Moses’ strong faith shows that God’s tests can make us stronger and stronger. The grumblers said, “All I see is trouble”; Moses said: “All I see is the Lord delivering us from trouble. He has never failed. I believe we are getting closer to the Promised Land, closer to the blessing.”
This leads us to James’s point. The events—deliverance from Egypt, followed by episodes of hunger and thirst, followed by further deliverance—are the same for Moses as for the rest of Israel. Why then does Moses pass where the grumblers fail? God’s provision is the same and the test is the same. Their heart attitudes set them apart.5
The book of Hebrews draws the same conclusion about the wilderness generation: “The message they heard was of no value to them, because those who heard did not combine it with faith” (Heb. 4:2). They failed not because God enticed them to sin, but because of their faithlessness.

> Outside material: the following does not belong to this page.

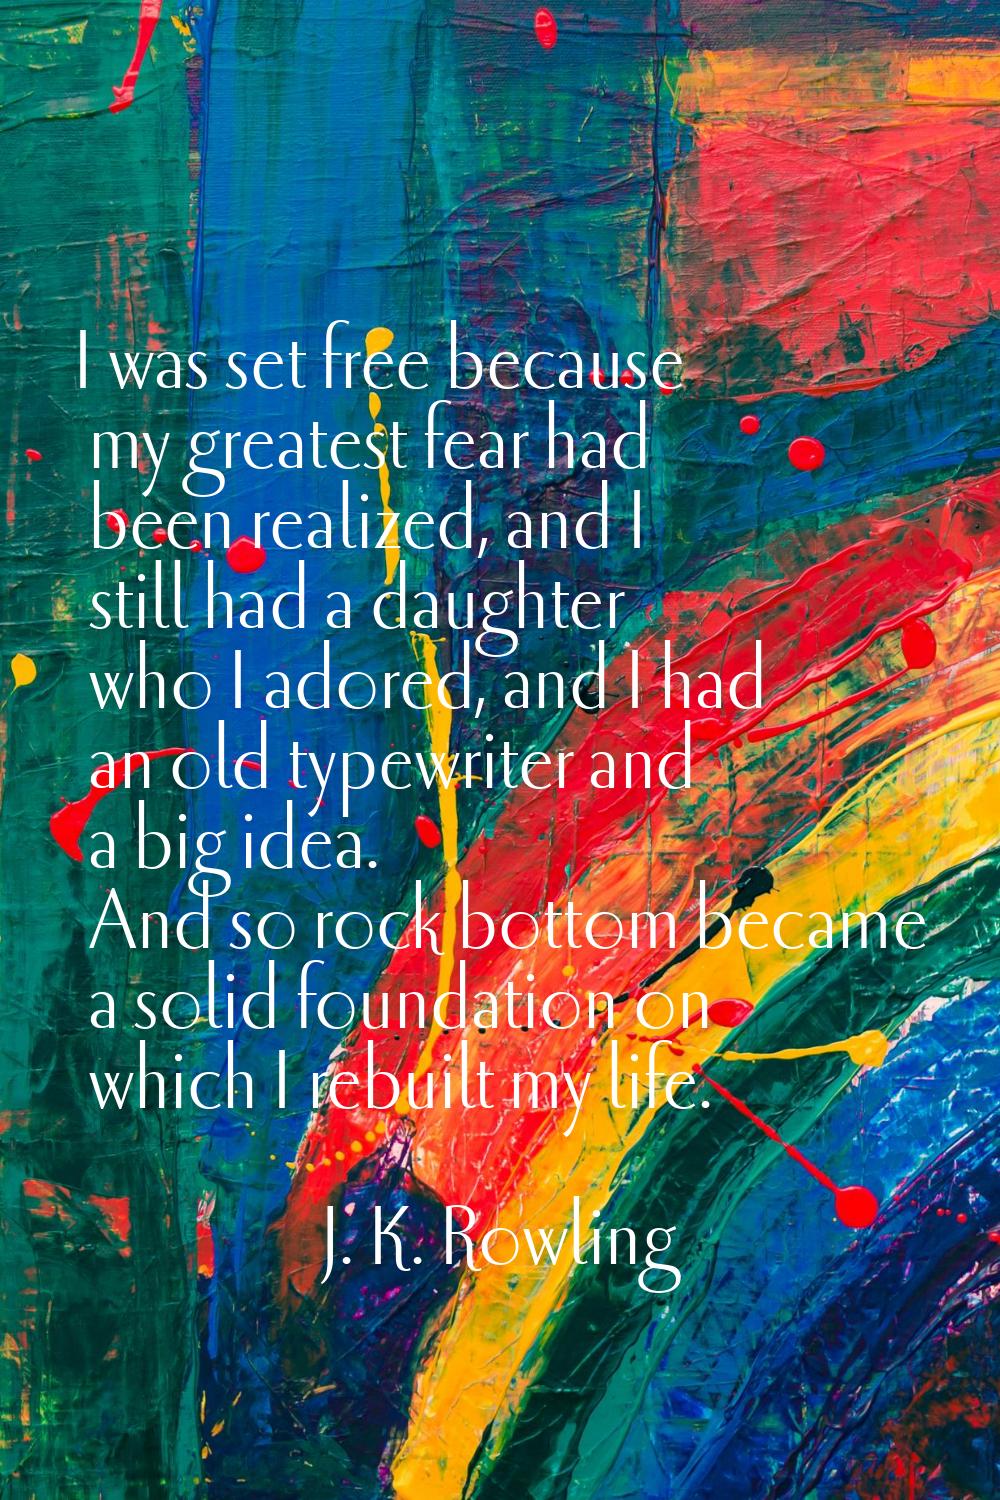 I was set free because my greatest fear had been realized, and I still had a daughter who I adored,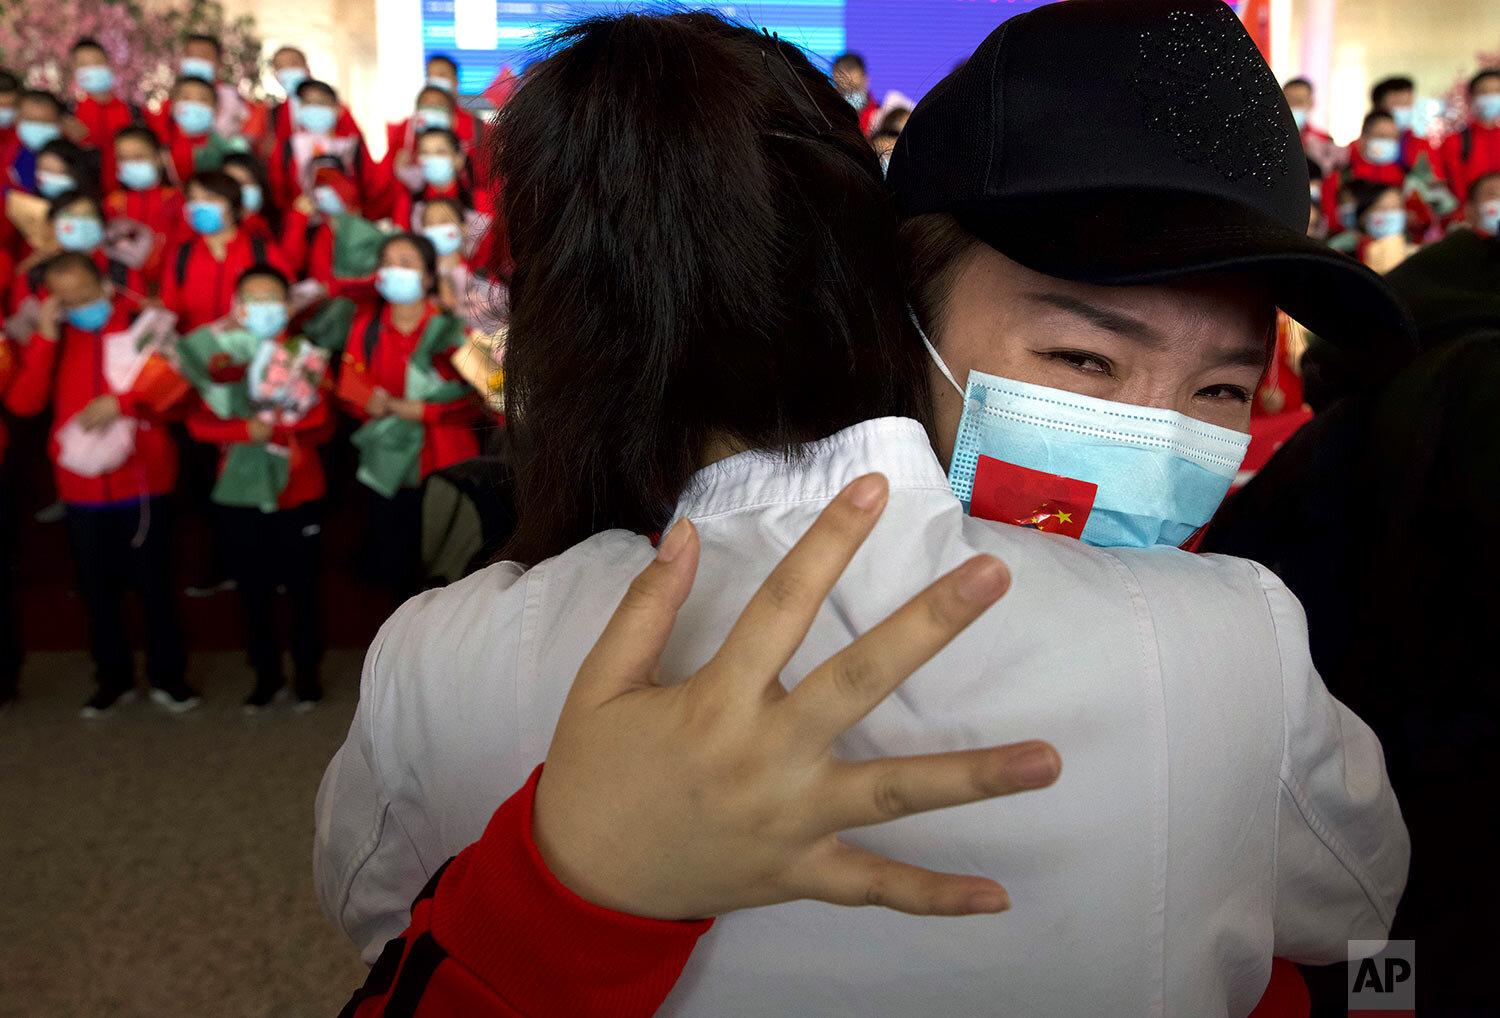  A medical worker from China's Jilin Province reacts as she prepares to return home at Wuhan Tianhe International Airport in Wuhan in central China's Hubei Province, April 8, 2020. (AP Photo/Ng Han Guan)

Thomas Edison illustrates the persistence of the faithful. Edison was determined to fabricate a light bulb, but he needed to find a substance with the proper resistance to electricity so that it glowed without burning. He tried innumerable substances, one after another: metals, minerals, and organic matter. Most people would have given up. But every time Edison watched yet another filament burst into flame, he knew his quest was one step, one substance, closer to its end.
James says God intends trials to promote endurance, so that we who love him receive the crown of life (James 1:2–4, 12). To endure in trials, we need wisdom and faith (1:5–6). If we fail to endure, we should not blame God. If we succumb to temptation, it is because we let our desires drag us into sin. We have no more right to blame God for our sin than the Israelites had a right to blame God for their wilderness grumblings. God had shown every sign of his covenant love. If they doubted him, the failure was theirs, not his. And so it is for us.
3 The word and the concept in the Septuagint translation of the Old Testament of Genesis 22 (abbreviated as LXX), are the same as the word and concept in James.
4 The Greek noun is peirasmos; the verb is peirazō in the LXX; James uses the same terms in 1:12–14.
5 Of course, Moses struggles as every believer does. Indeed, he complains to God about the faithless Israelites in Numbers 11, the chapter following the one we just cited. Thus, however we commend Moses, the Lord is the only one who is perfectly faithful.
Daniel M. Doriani, James, ed. Richard D. Phillips, Philip Graham Ryken, and Daniel M. Doriani, Reformed Expository Commentary (Phillipsburg, NJ: P&R Publishing, 2007), 34–38.